Gagnon with her work
Back in her studio, across the St. Lawrence in Longueuil, Gagnon has several commissions underway. Gagnon is a thorough planner, with numerous sketches and meticulous maquettes, as you would expect from one who wins numerous commissions. Much of her work is commissioned through percent-for-art programs. It's an understatement to say that Canada is enlightened in its support of the arts.

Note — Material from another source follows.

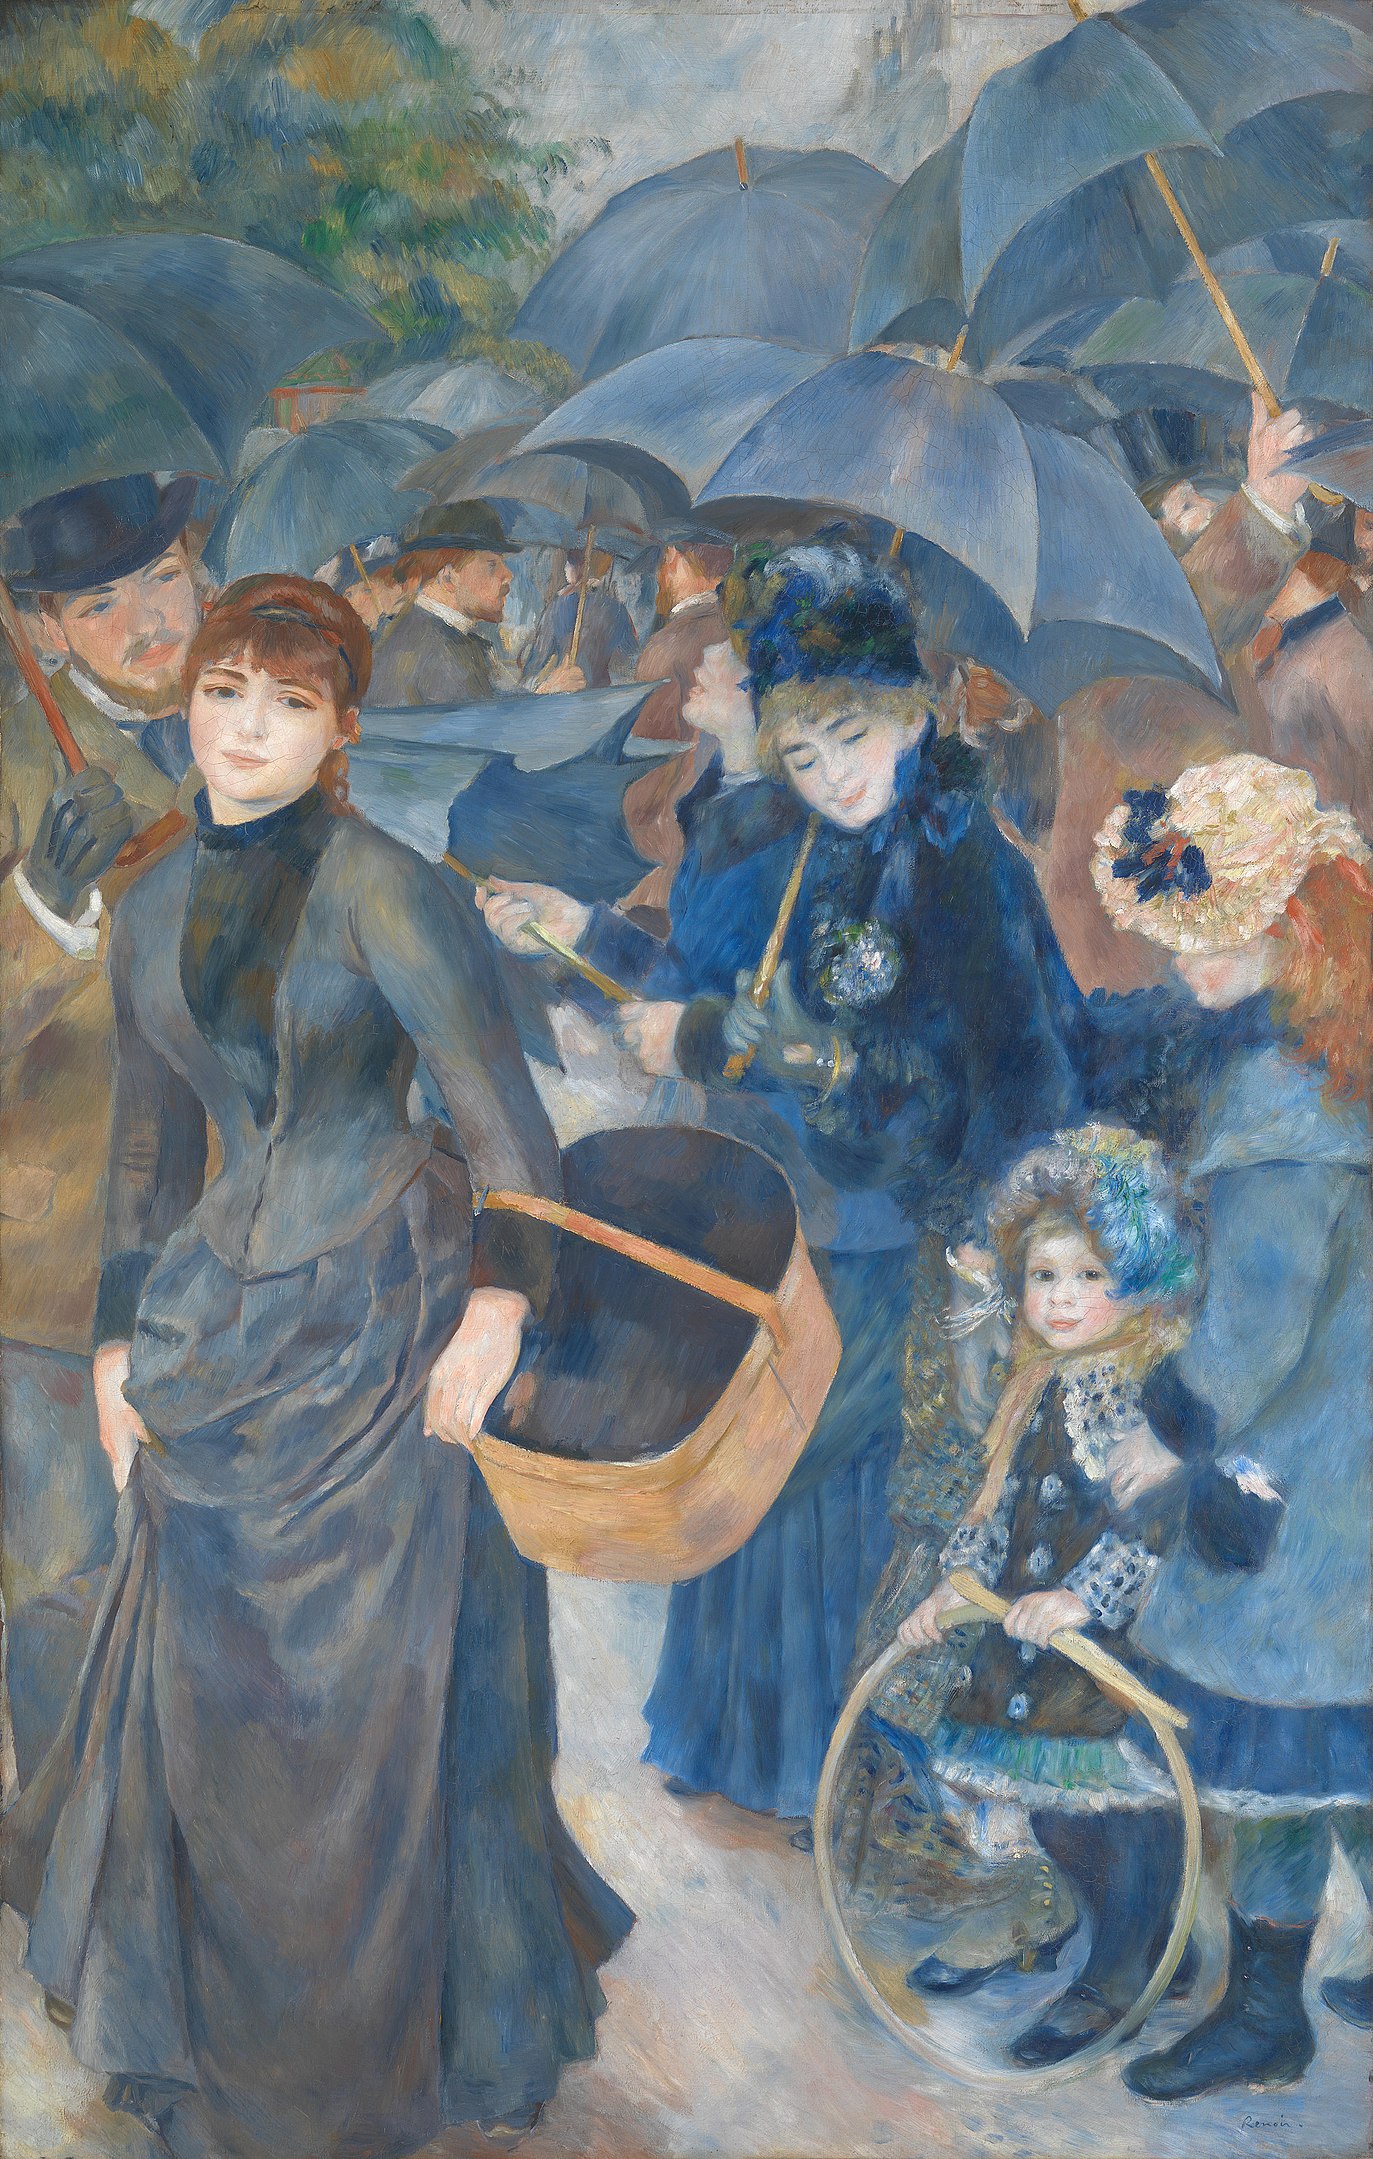 雨伞 by Pierre-Auguste Renoir - 約1880–1886 - 180.3 × 114.9 cm 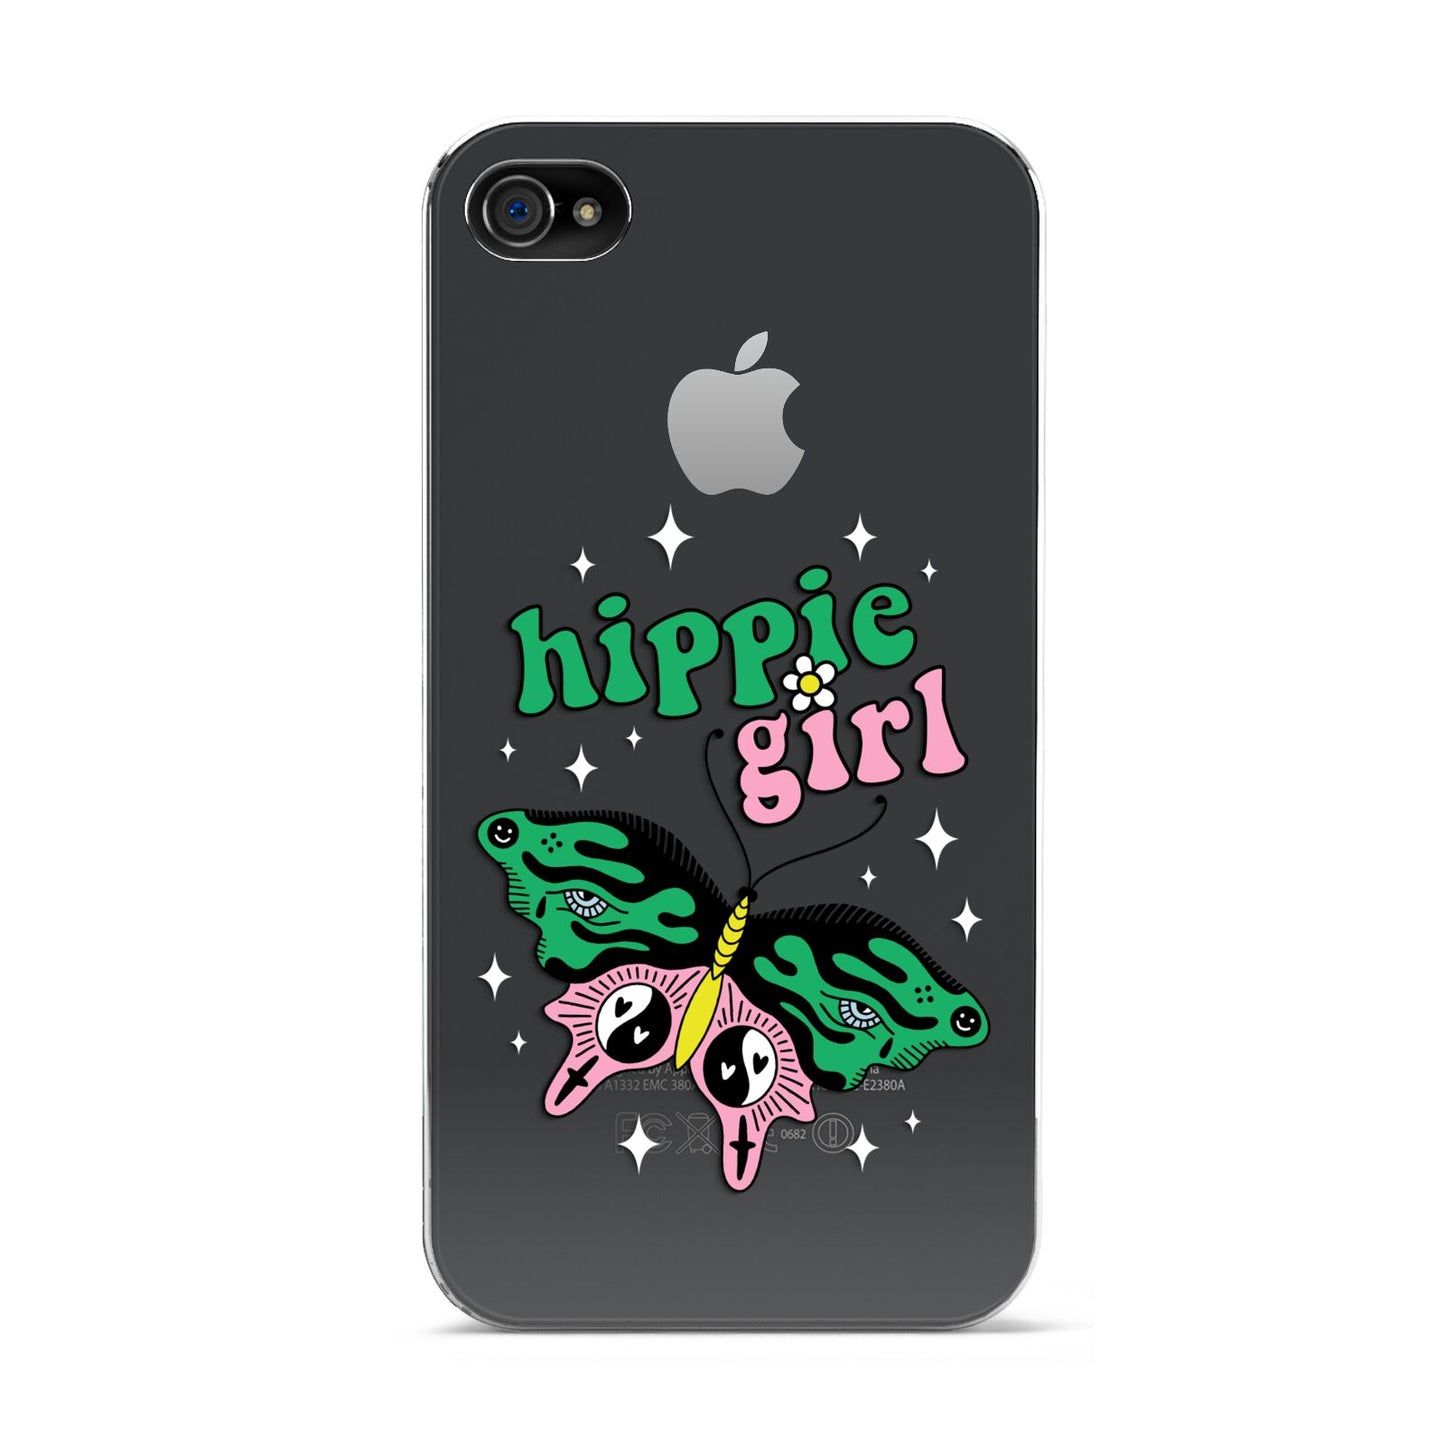 Hippie Girl Apple iPhone 4s Case

The corner detail above shows you the surface of Gagnon's work
Below: a corner of the ground-floor studio

The just-completed work above is ready for delivery and installation. Note the full-size ink drawing next to it and the maquette on the floor
The maquette, above, and a series of small ink drawings from which the large one was selected

Another maquette, above. Note the distinctly non-industrial color in the layers

Above: That plywood in the foreground is going to be the sculpture you see in the maquette. But it’s not just any plywood. It’s custom made. By layering veneers of different-color or different-grained woods, Gagnon is able to introduce hue into the work on her own terms
Below, some samples of the veneers Gagnon uses

Now let's walk upstairs to Masino's studio. From the landing you can look down to Gagnon's studio and up to Masino's. Let's walk in.
Right away I liked the flexibility of Masino's setup: planks on sawhorses, which can be easily configured from project to project. And, of course, I loved the light. Masino is a representational painter—still lifes, landscapes-- who works in encaustic. Like others who work in this medium, he’s more or less tethered to the heat source, which keeps the wax paint molten and thus workable.

View into Masino's studio
The artist uses a double-boiler system: cans of paint set into pots of water, below

Masino with a tray of paint in cans (artists who work in encaustic do work differently from oil painters)
Below, the impressive shelving with paint tins and pigment. The stacked cakes of translucent white wax are encaustic medium, a mix of beeswax damar resin

The easel, above, and its prodigiously textured surface:

I’ll show you some of Masino's paintings in a moment, but first let’s look at the exhibition at Espace Creation in which Masino’s work and studio are featured. Called L’oeuvre et la maniere—work and process—each wall presents an almost life-size photograph of an artist’s studio with actual works displayed. “The studio allows the viewer a peek into the secret universe of creation,” writes the curator. Or, as the text says above Masino’s section of wall, “a place of order and apocalypse.” (Don’t you love that artists are accorded an almost godlike power?)
Espace Creation is supported by Loto-Quebec, which acquires work for its collection and exhibits it in its own gallery. That's right: lottery money pays for art! Don't you love Canada?
At Espace Creation, a view of Masino's studio with actual paintings at left
Below, just to give you a bit of the rest of the show, a view from the opposite wall (sorry, I don't have the name of this artist). The trompe l'oeil mix of photograph and actual object is kind of trippy, though I'm sure the curators were aiming for a you-are-there effect, as opposed to you-are-there-on-acid. Interesting either way.


Above, an exquisite still life
Below, Les vagues bercent le ciel, 2005, encaustic on board, 16 x 19 inches

This large painting, shown at Boon Gallery in Salem, Mass., in 2005, is from a series called Sanctuaire.